Dixon points to a vociferous electricity lobby in places like California and some states in the Northeast, while PERC and NPGA staffers are doing “yeoman’s work” to ensure propane is considered.

“I think they are leaving propane out of the equation when propane is something that can help the path to zero,” Dixon says. “We need to try to get ahead of this and have folks not just think electricity is the way to go, because there’s a lot of good things that propane can do in this country, for your house, your car, for everything.”

Because of the check-off program created by PERA, the propane industry has the resources and mechanism to explore these kinds of initiatives.
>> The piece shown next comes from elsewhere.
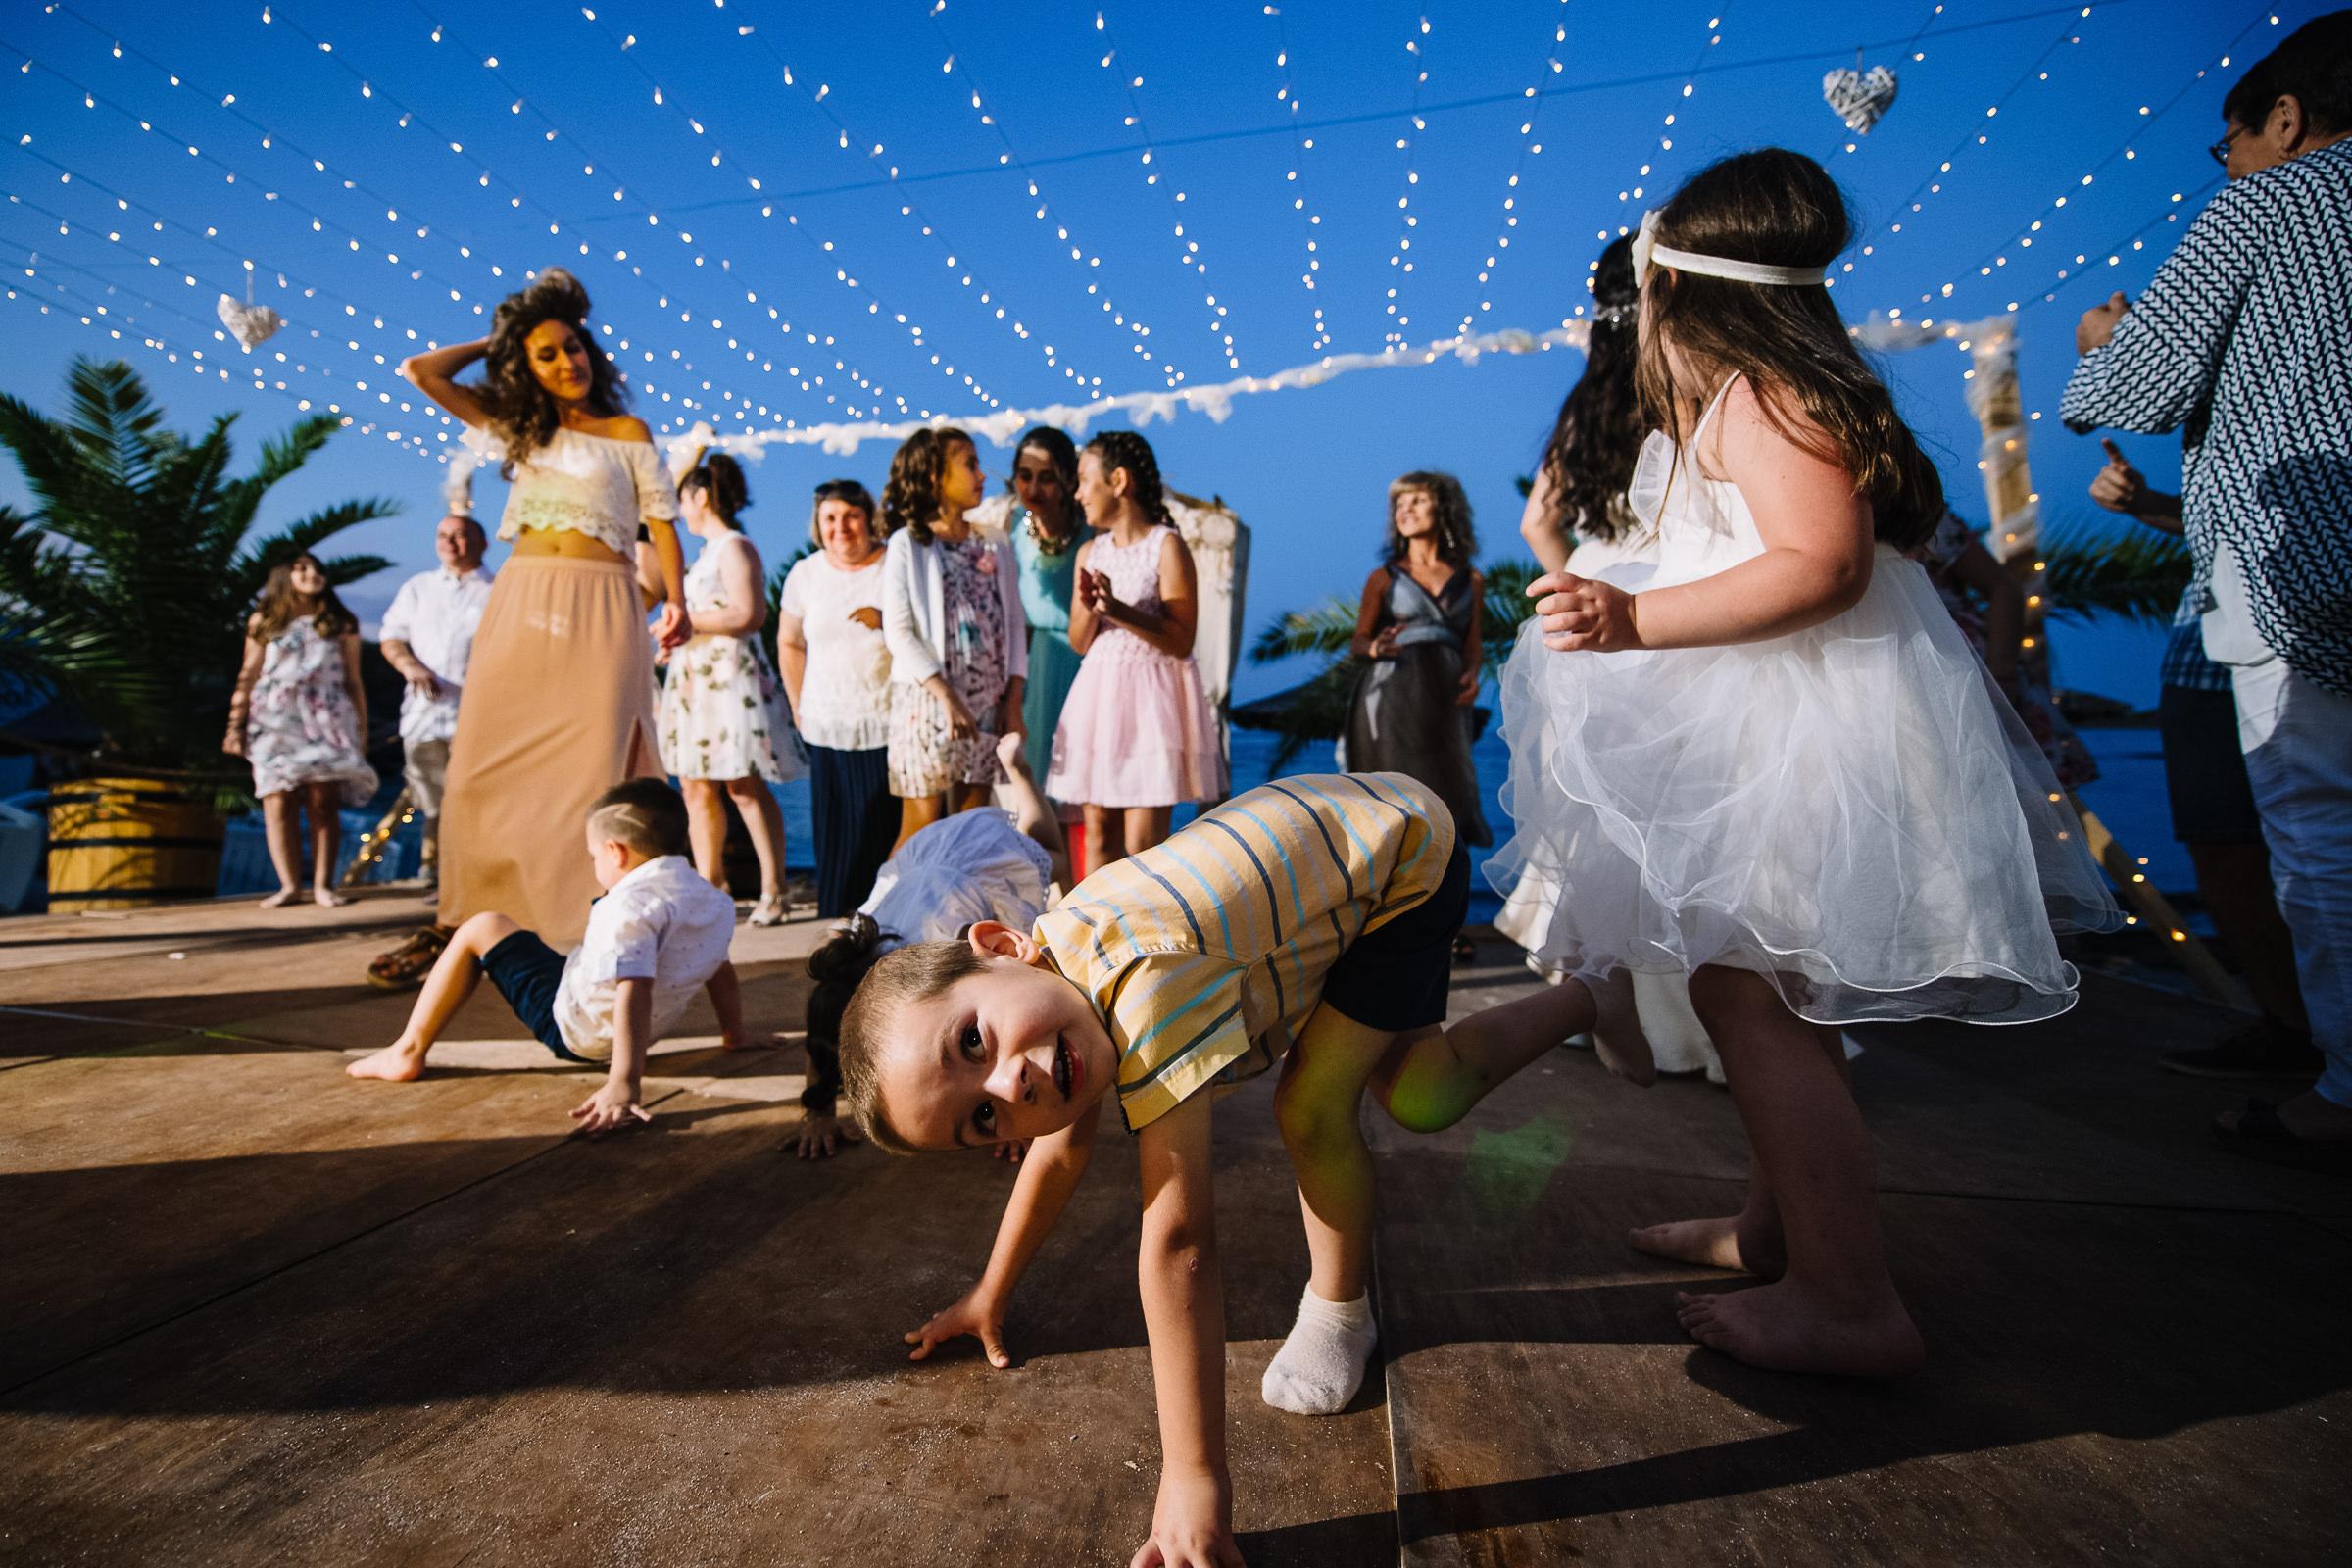 Kid fun under strings of light - photo by Deliysky Studio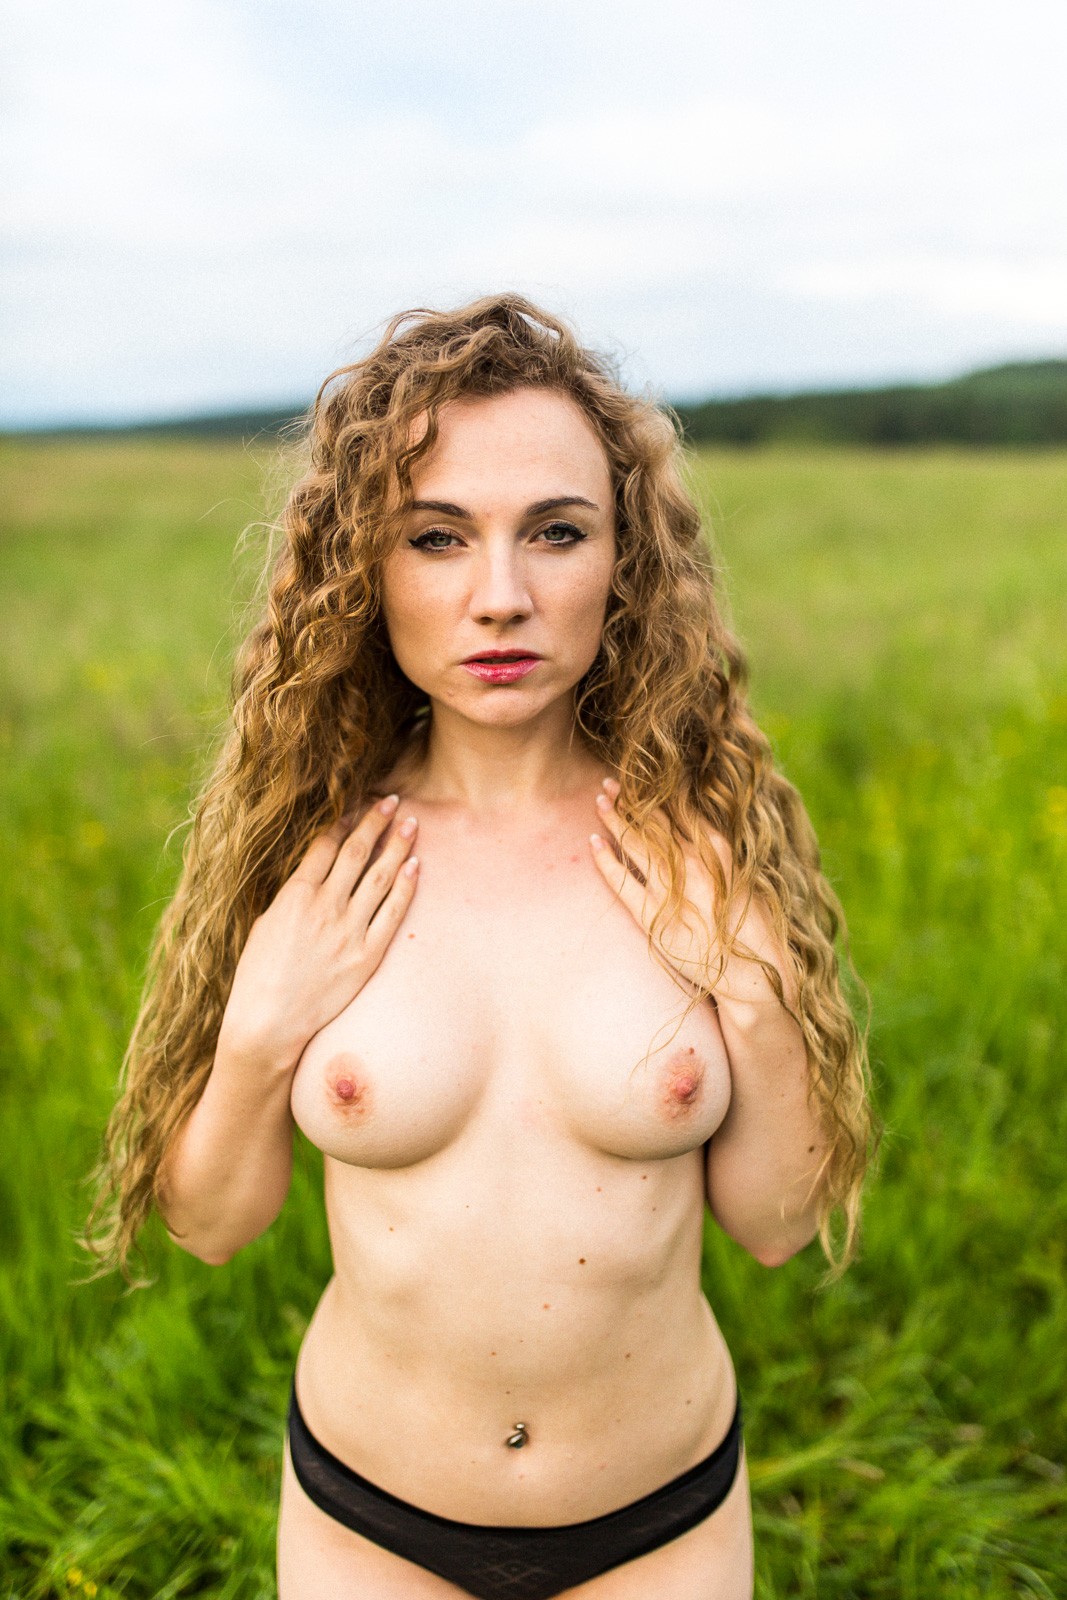 Christin halbnackt in der Natur - Boudoir Christin im Sessel - Akt Erotik Boudoir Fotograf sexy Homeshooting nackt

Despite some challenging “teenage” years, industry leaders say PERC is growing into a mature organization with a solid foundation to forge new opportunities in expanding markets.

“It would be scary to think of what the industry would be if PERC was not around,” Dixon says bluntly.

Roy Willis credits the hundreds of volunteer councilors and advisory committee members over the years who have contributed their time and expertise to responsibly steward the resources generated by PERA.

“It is a selfless commitment and one that I think is the best example of the shared entrepreneurial spirit of the industry,” he says.

“I think the industry is more cohesive and collaborative today because PERC set out a blueprint, if you will, for the collaboration of the industry association.”